The book finds the protagonist approaching forty, living as an expatriate in London. Ted is a French-Catholic from Revere, Massachusetts who returns home stateside to settle his deceased parents’ estate. It is a lonely interlude: “He knew [the town] from the past, from when he had once walked along the same street in the town of clapboard houses with lawns and decorative shrubs, there where he grew up with his American longing to go away, an especially American longing when you were alone at dusk walking along an American street, and no lights lit the dusk.”

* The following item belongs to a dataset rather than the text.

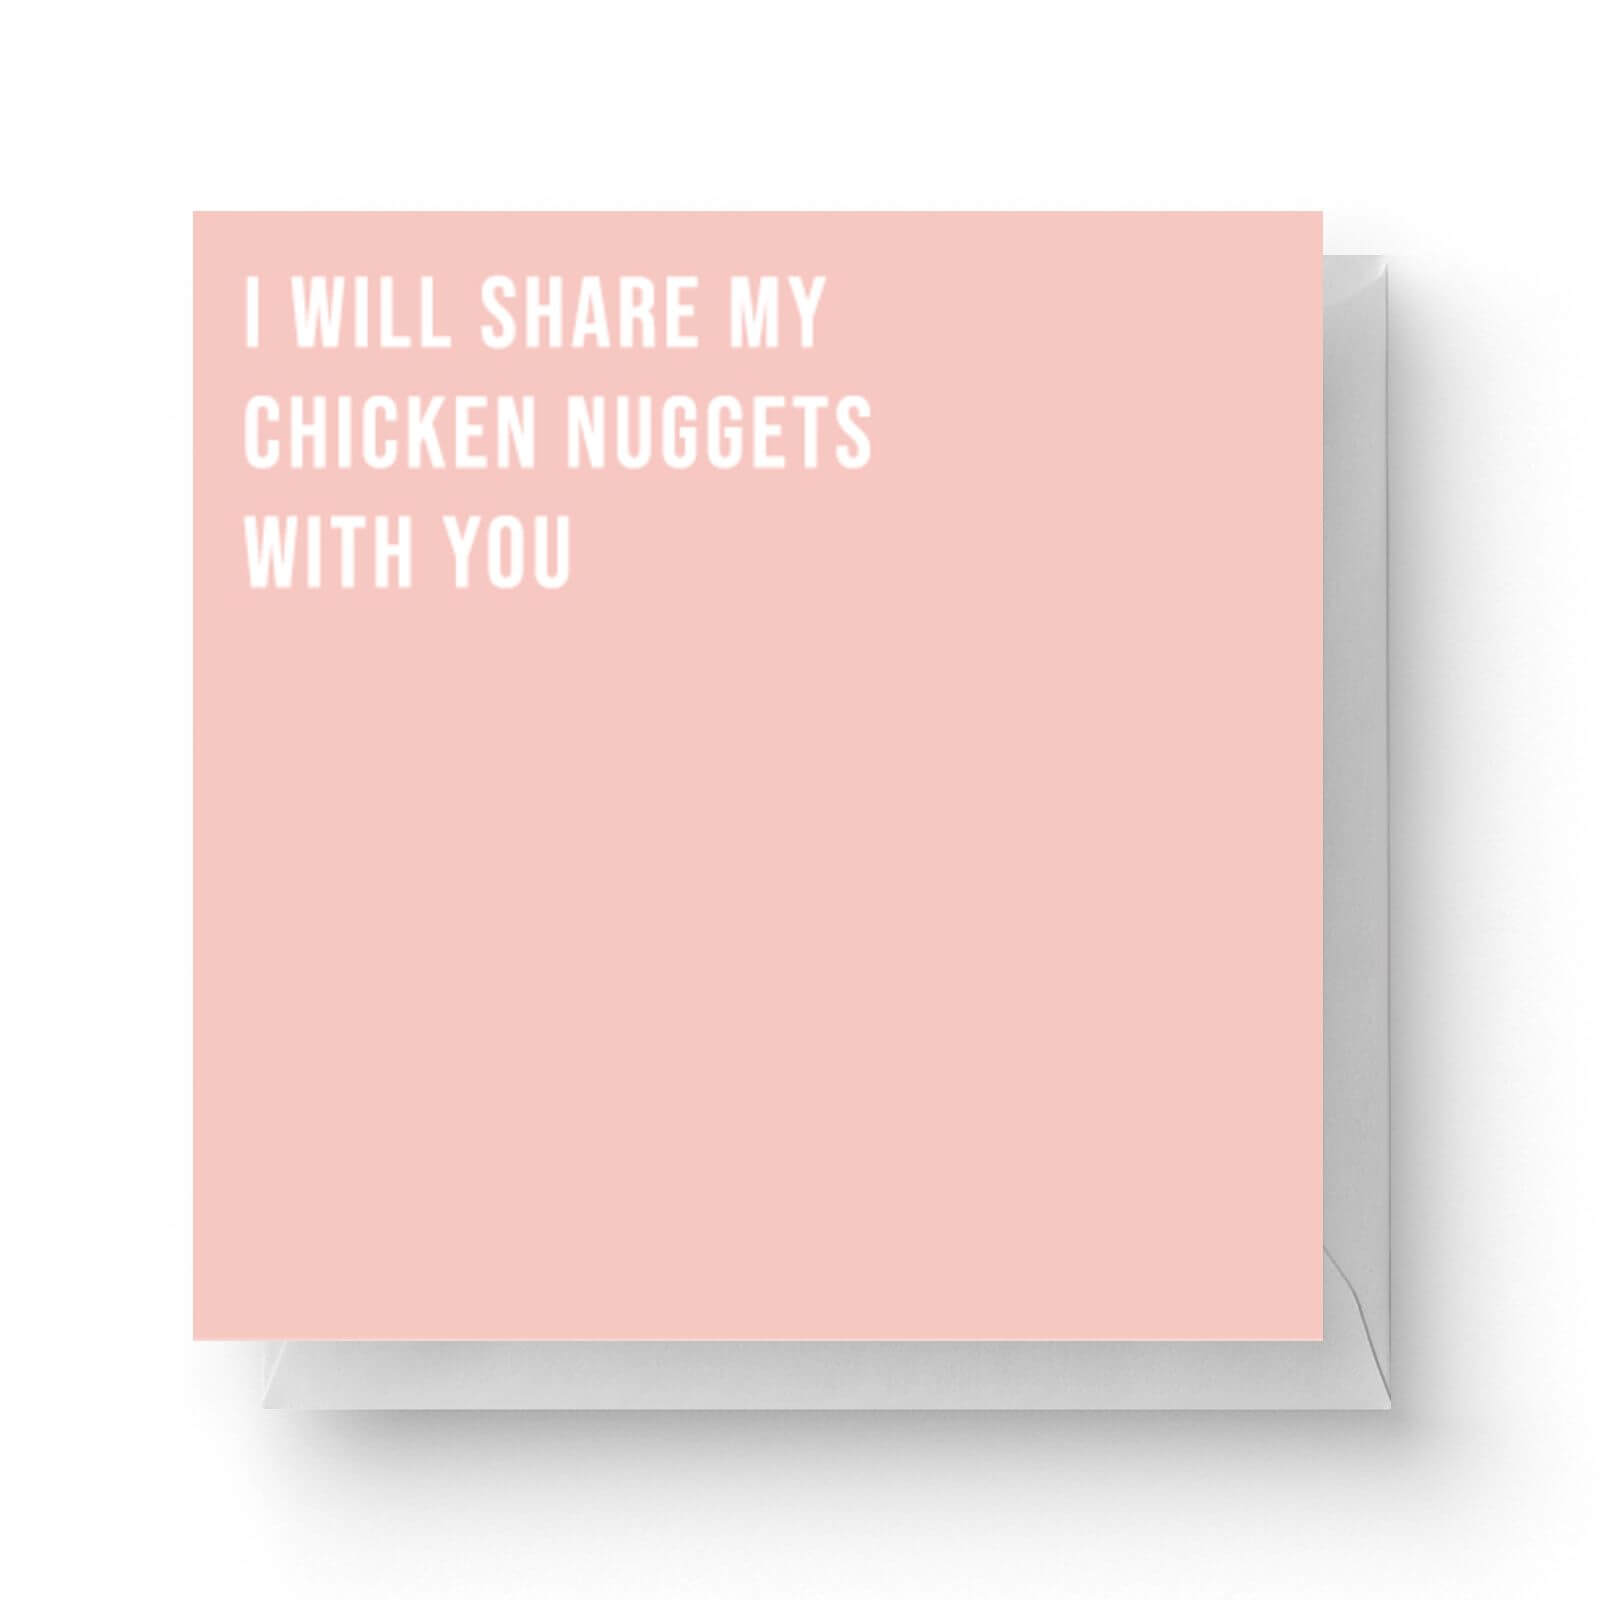 I Will Share My Chicken Nuggets With You Square Greetings Card 148cm X 148cm

Among his parents’ belongings he finds a grainy photograph of himself as a boy of seven, preparing for his First Communion. He is dressed in a blindingly white short suit with matching knee socks and shoes, his hair combed carefully, holding a prayer book. (A similar snapshot appears in the book, deepening the reader’s connection with Ted while recalling the homey photographs studding the novels of W. G. Sebald.) Now a bereaved adult hurrying to finish his grim task, Ted scolds himself for sentimentality and puts the photograph in the trash, a tiny act of self-abandonment that will have far-reaching consequences.

Ted returns to London and throws himself into the busy social round that he enjoys with his wife, the “light-spirited” Hilary, with whom he enjoys many pleasures, including the particular pleasure of living in London, “where he would live all the life he had left to live,” as he puts it, upon his return. “This is London,” he exults, “this is my London.”

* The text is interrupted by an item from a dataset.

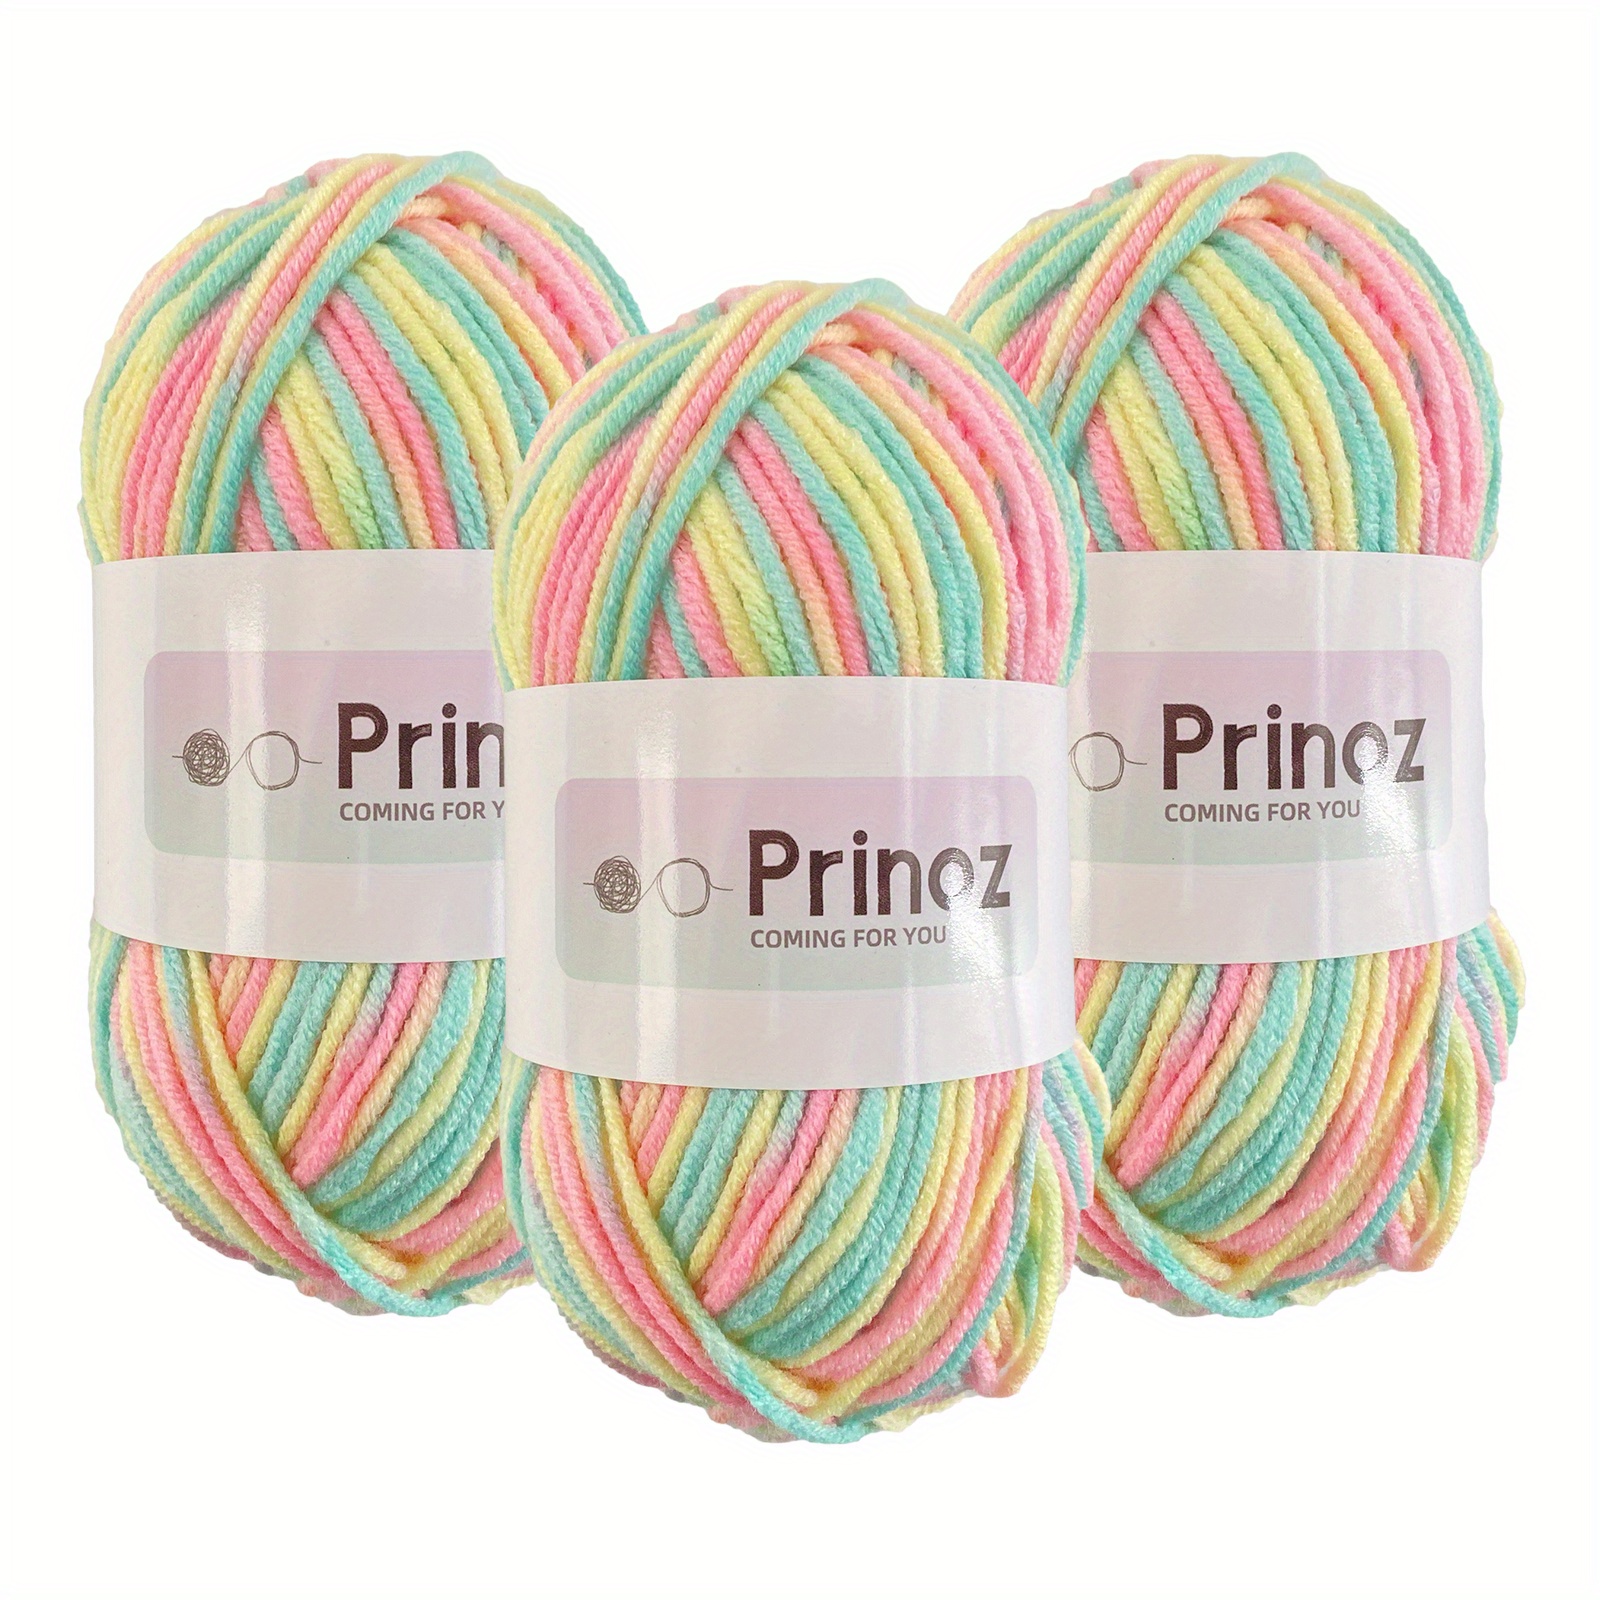 1 Skein 5-ply Rainbow Color Yarn For DIY Crocheting And Knitting Hat,  Scarf, Sweater And Crafts, 100g

Yet, shadows dog their bliss. Hilary finds Ted hard to reach. His Americanness, she thinks, is the source of the distance: “To her he appeared to come from a country she knew nothing about, born and brought up in a house in a town in a country that was his own, and there was constant dark in the country.” There is so much sympathy between these two, yet they are distinct individuals who are, necessarily, not in complete accord. So although, for instance, Hilary is easily comforted by Ted, she is aware that “there is something in the comfort that made her wonder a little — made her wonder about Ted.” The same is true for Ted, who wonders about Hilary. But this wondering does not lead to action; they’re simply having too much fun together.

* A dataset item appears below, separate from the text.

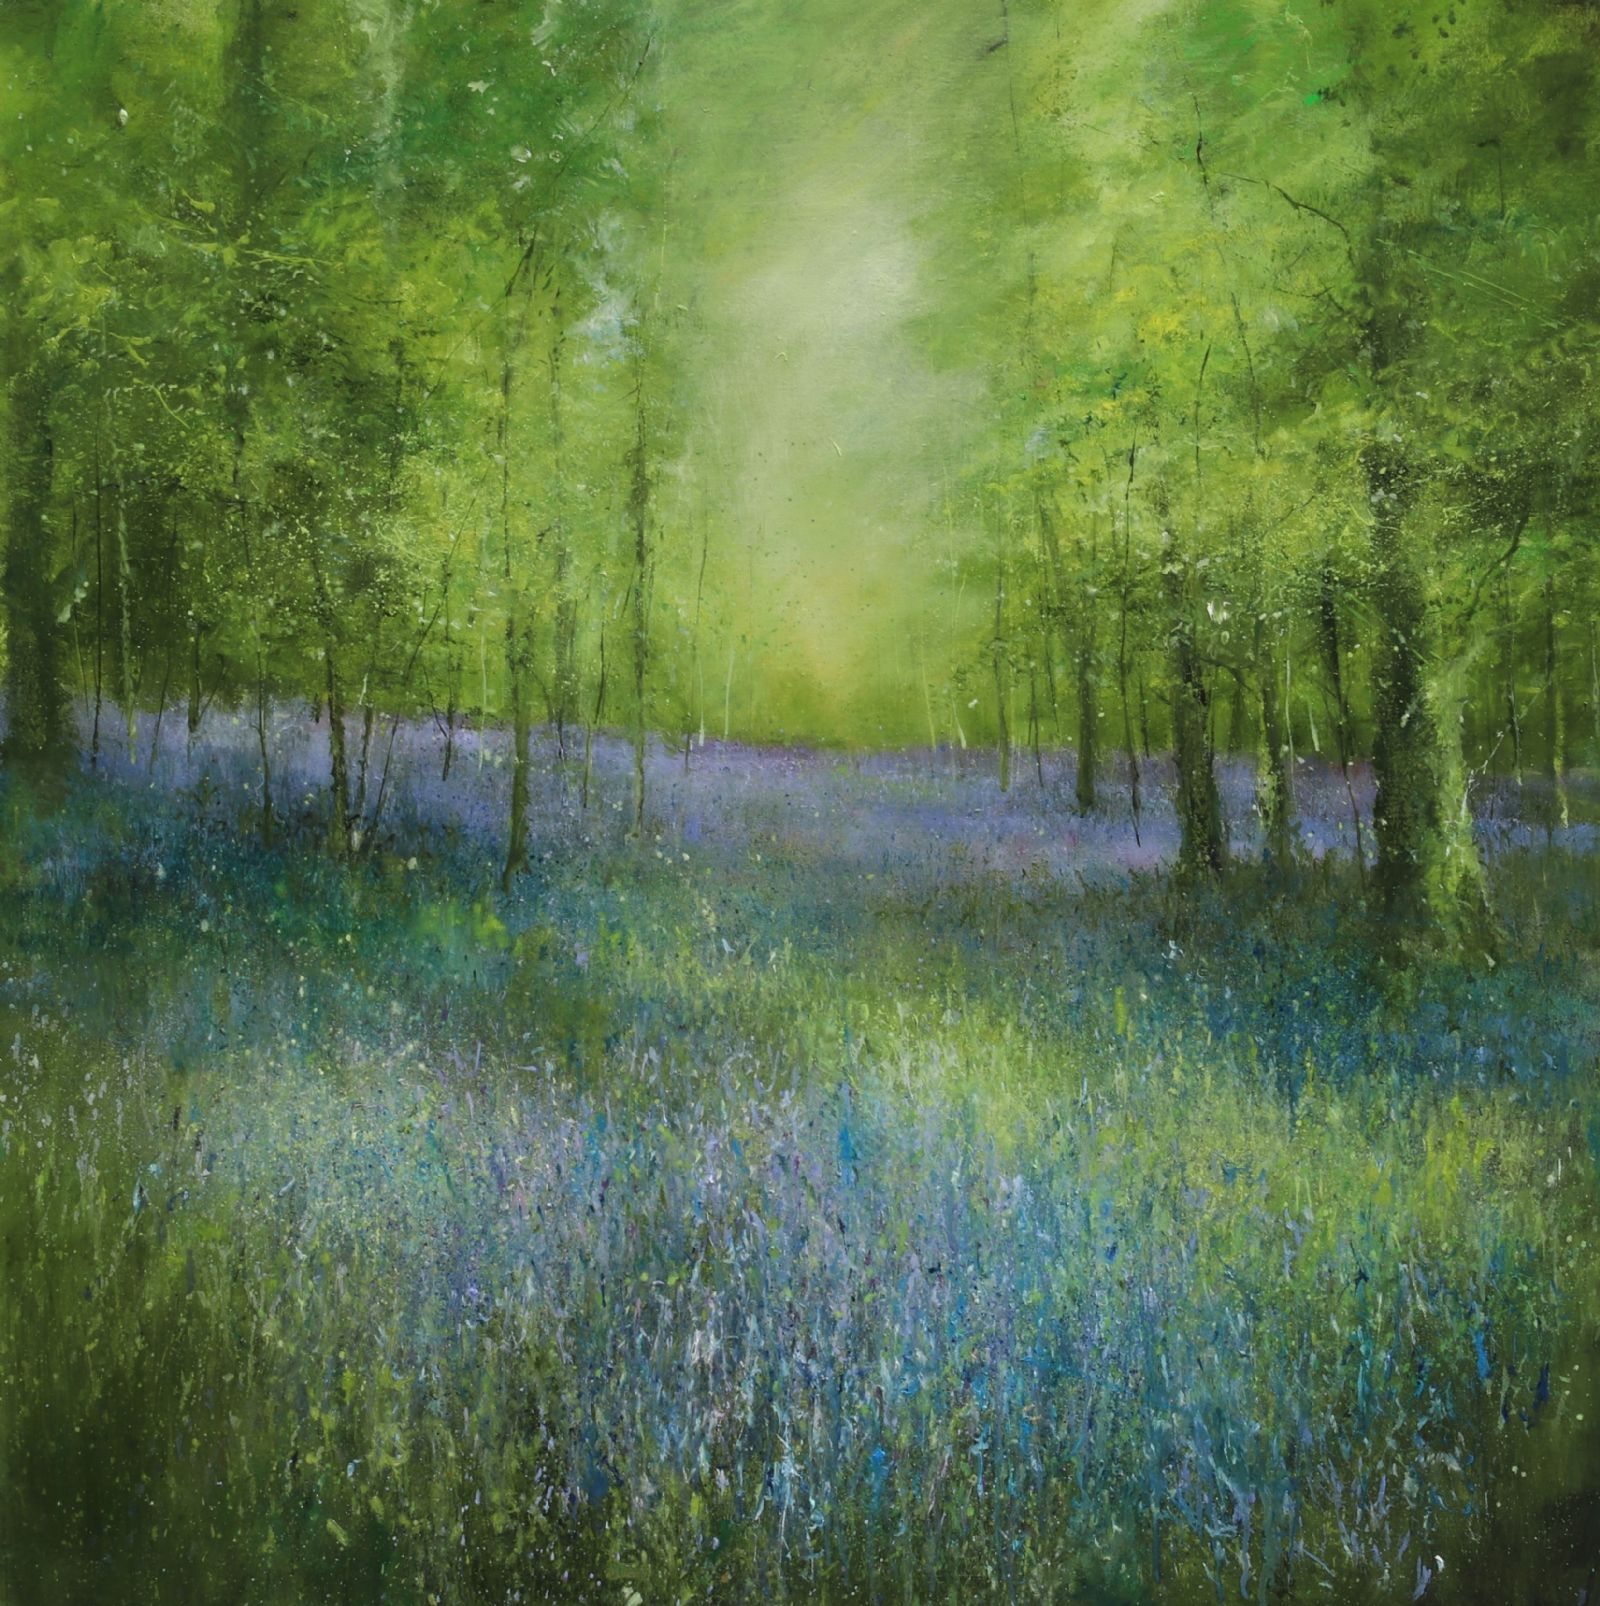 Horizon of Bluebells in the Magic Wood by Garry Pereira

Until Ted returns from the States, that is. Attending a garden party thrown by another ex-pat and her husband, Ted is waylaid by a bedridden little boy, the son of the hosts, who is too sick to join the fun. The boy excitedly tells Ted that he’s about to make his First Communion. His excitement stirs Ted’s memory, still fresh, of himself in that photograph he’d thrown away just days before, across an ocean. It becomes clear that Ted, in London, is deeply estranged from the version of himself he encountered in the empty house in Revere.
Wrenchingly, the little boy dies. His death throws his American Catholic mother, Jessica, into crisis. Drawn into her grief, which mirrors what he can’t feel for the lost child within, Ted grows alienated from the life he has painstakingly created for himself in London, threatening his relationship with Hilary. His entanglement with Jessica fuels the rest of the novel, which follows Ted’s crisis of several faiths — narrowly, his faith in his marriage, but also his faith in his other choices, which have tended to avoid what he most needs to confront. He contends as well with his lapsed Catholicism, the faith of his childhood from which he has become distant in his expatriate life.
This is not a preachy or religious book, but a questioning exploration of a character’s sincere struggle to locate himself within, or at least in relation to, a traditional religious framework he long believed himself to have outgrown. No spoilers here — except to say that Ted resolves his crisis of estrangement by finding a way to live with it. For Ted, religious faith just is an occasion for continuous crisis. He believes and he does not. Suspended in this agonized state, he discovers precisely the same crucifying agony at the center of Catholicism. To be agonized is to arrive at the alienating heart of the matter — for Ted, an inhospitable home place.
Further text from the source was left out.